Film still from Operation Cue Footage - Courtesy of National Nuclear Security Administration / Nevada Site Office

Film still from Operation Cue Footage – Courtesy of National Nuclear Security Administration / Nevada Site Office

We drive into Area 1 along Yucca Flat and when we turn off the paved road the scent of dust drifts through the AC. Soon the bus is approaching a brown two story timber house. It is one of two structures still standing after the famously televised detonation of the Apple II bomb in 1955.

The structure is in relatively good condition, considering it was only 6,600 feet from ground zero. It has a red brick chimney, asphalt shingles on an undulating roof, and a reinforced concrete basement. Through the front door I see a white wood staircase and through an upstairs window I see Garfield spray painted on a wall. The tour bus slowly circles around the house. The gentle rocking has put Barret to sleep.

Although there are no more full-scale nuclear tests, the residual radiation from decades of testing makes Yucca Flat ideal for first responder training. The nearby Transportation Incident Exercise Site simulates nuclear terrorist attacks. Overturned cars, trains and shipping containers are strewn in front of a replicated Main Street. A jack rabbit hops past an airplane crash.

The Nevada National Security Site has a lot of scary associations, but those are carefully tucked away. What is visible looks as harmless as a neglected backyard with rusting cars on blocks.

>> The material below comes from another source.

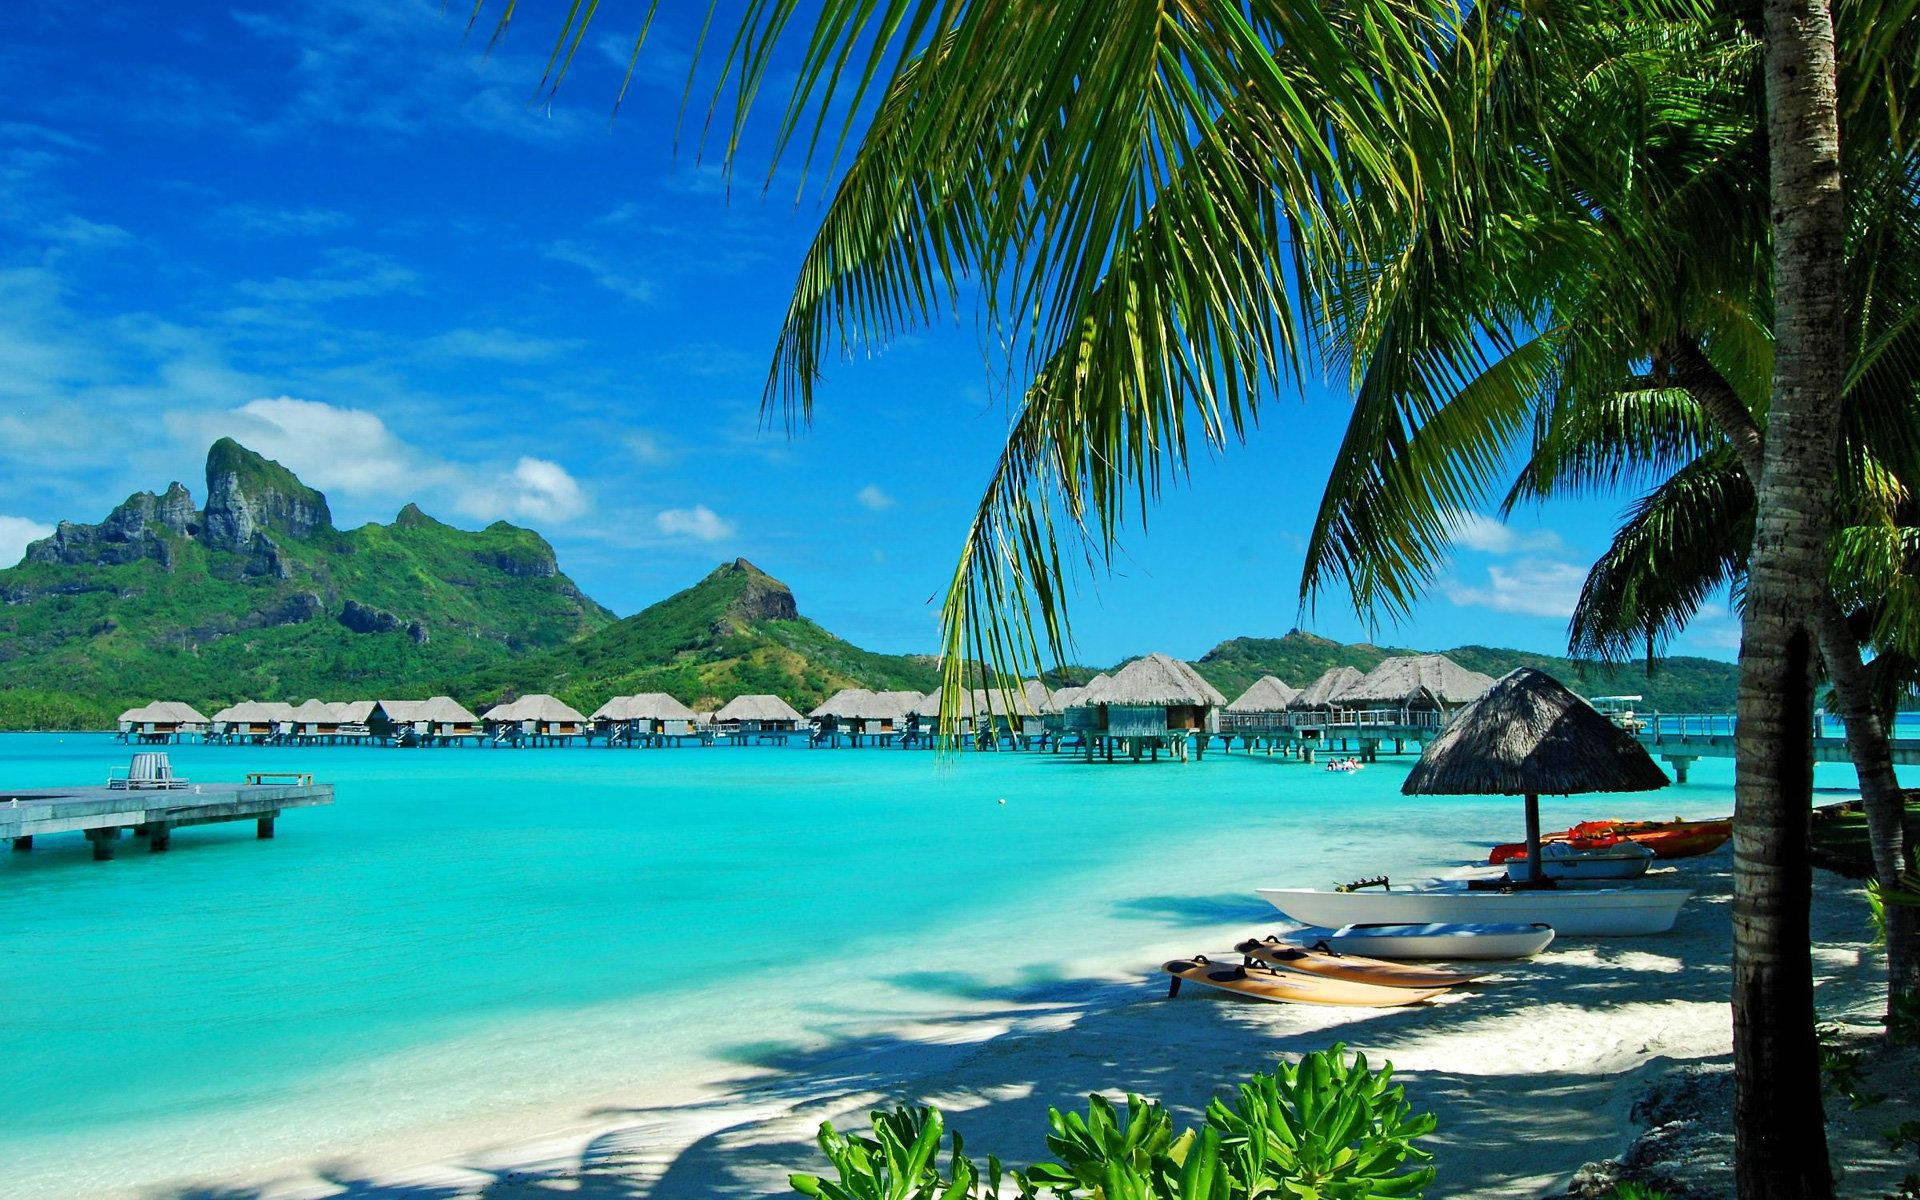 Hawaii, Coast, Resort, Rest, Palm Trees, Lagoon, Blue Water Wallpaper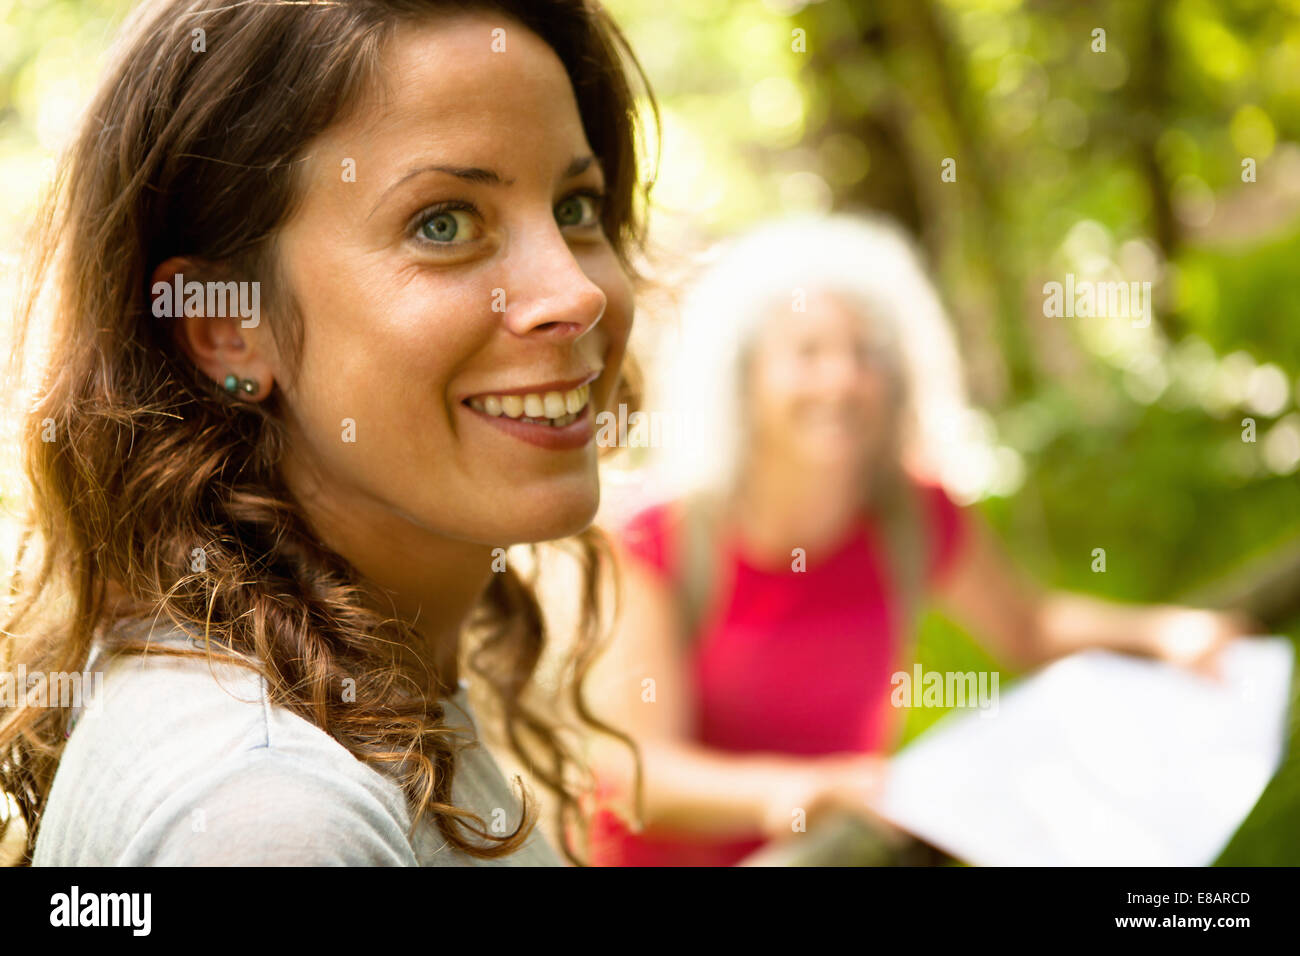 Vista lateral de la mujer con una amplia sonrisa Foto de stock

I don’t know how John and Dario feel about the ethics of nuclear testing; they do a very good job of treading neutral ground. It must have been so thrillingly banal to work a 9-5 shift at a nuclear test site. I can see how easy it would have been to focus on just the science and forget the big picture.

***

Operation Ivy - Mike Shot - Photo courtesy of National Nuclear Security Administration / Nevada Site Office

Operation Ivy – Mike Shot – Photo courtesy of National Nuclear Security Administration / Nevada Site Office

In fact checking this article, I came across a name that was familiar but didn’t mean much to me: Operation Ivy. In 1952 President Eisenhower gave the green light to Operation Ivy. Two bombs were detonated under this program in the Marshall Islands. The first one, named Mike, was the world’s first hydrogen bomb. The yield for the device was 10.4 megatons.

When the dust settled and the ravaged landscape surveyed, Gordon Dean, Chairman of the Atomic Energy Commission, sent Eisenhower a short message.

“The island of Elugeleb is missing!”

Humankind had just harnessed nuclear fusion, the same process that takes place in the sun. I can’t think of anything more sobering than that.